##### DATASET EXCERPT
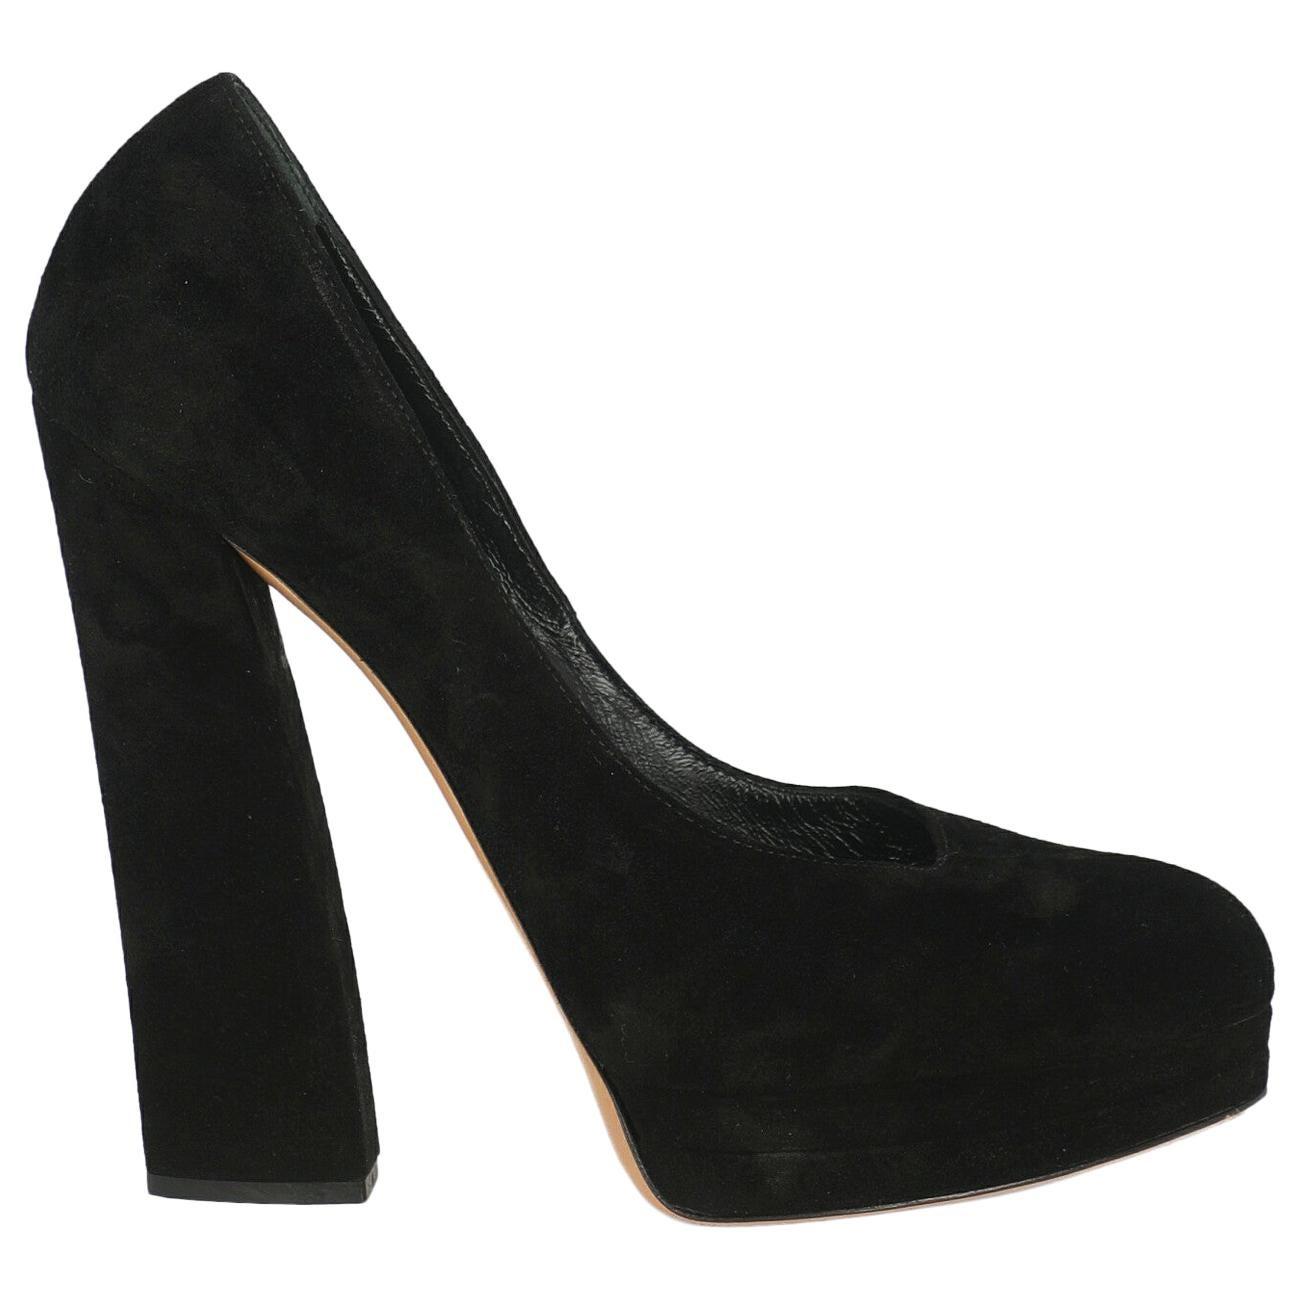 Casadei Woman Pumps Black Leather IT 38.5
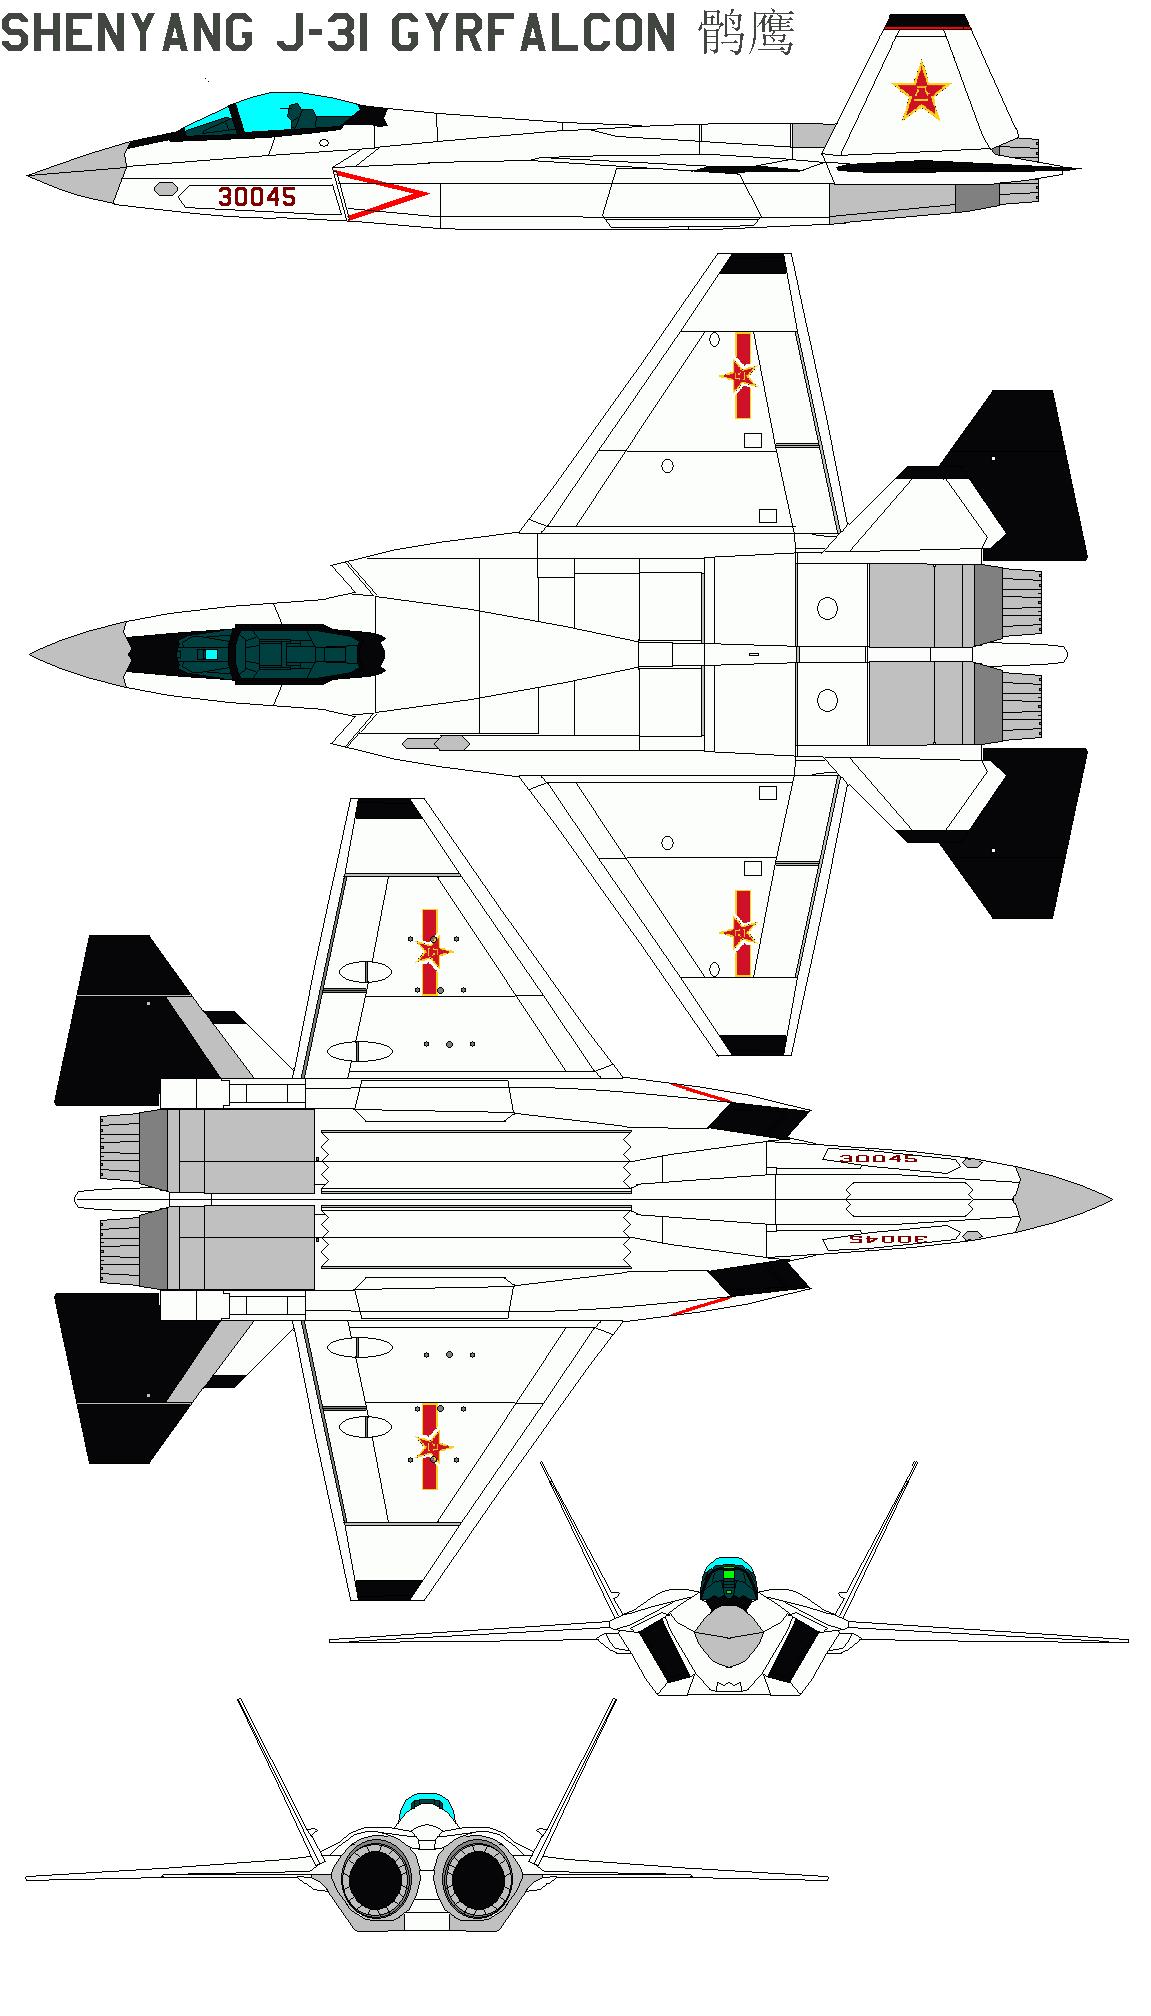 Chasseurs chinois - Page 3 ShenyangJ-31Gyrfalcon-1
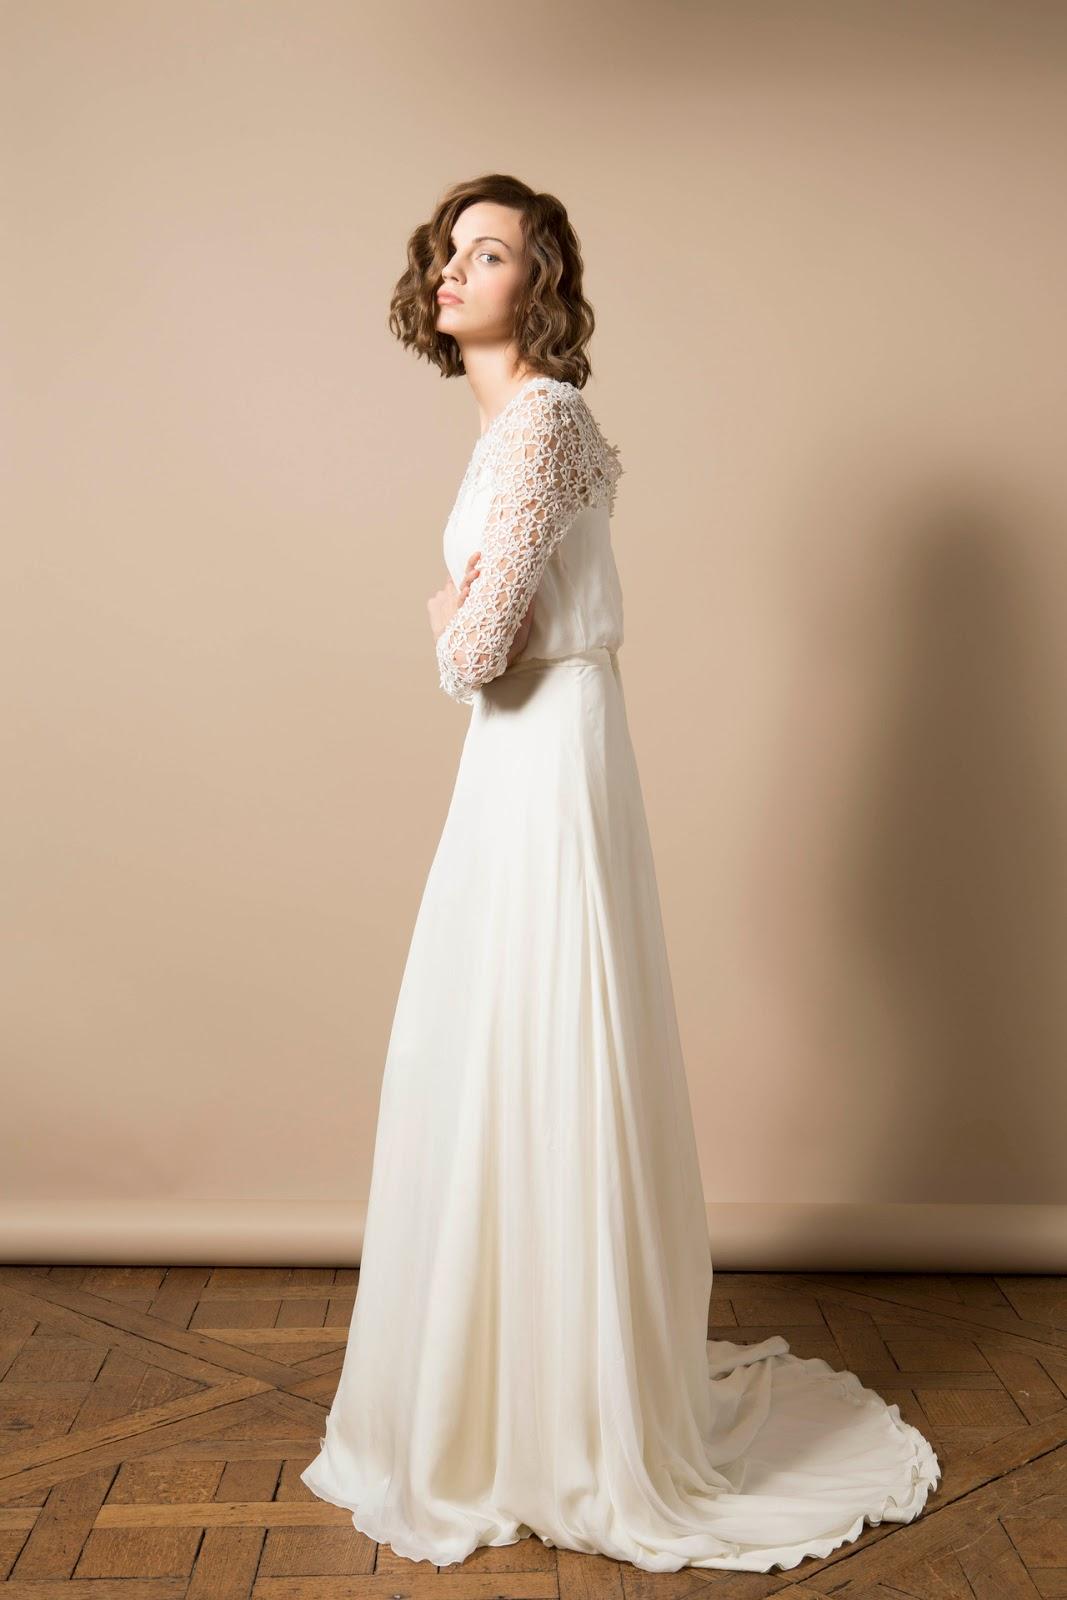 Vestido Novia 2014 Delphine Manivet
##########
> **YOUR INSTRUCTIONS**
Output the data above exactly; pictures do not belong in the copy.

> **ANSWER TO THIS TASK**
 Casadei Woman Pumps Black Leather IT 38.5
 Chasseurs chinois - Page 3 ShenyangJ-31Gyrfalcon-1
 Vestido Novia 2014 Delphine Manivet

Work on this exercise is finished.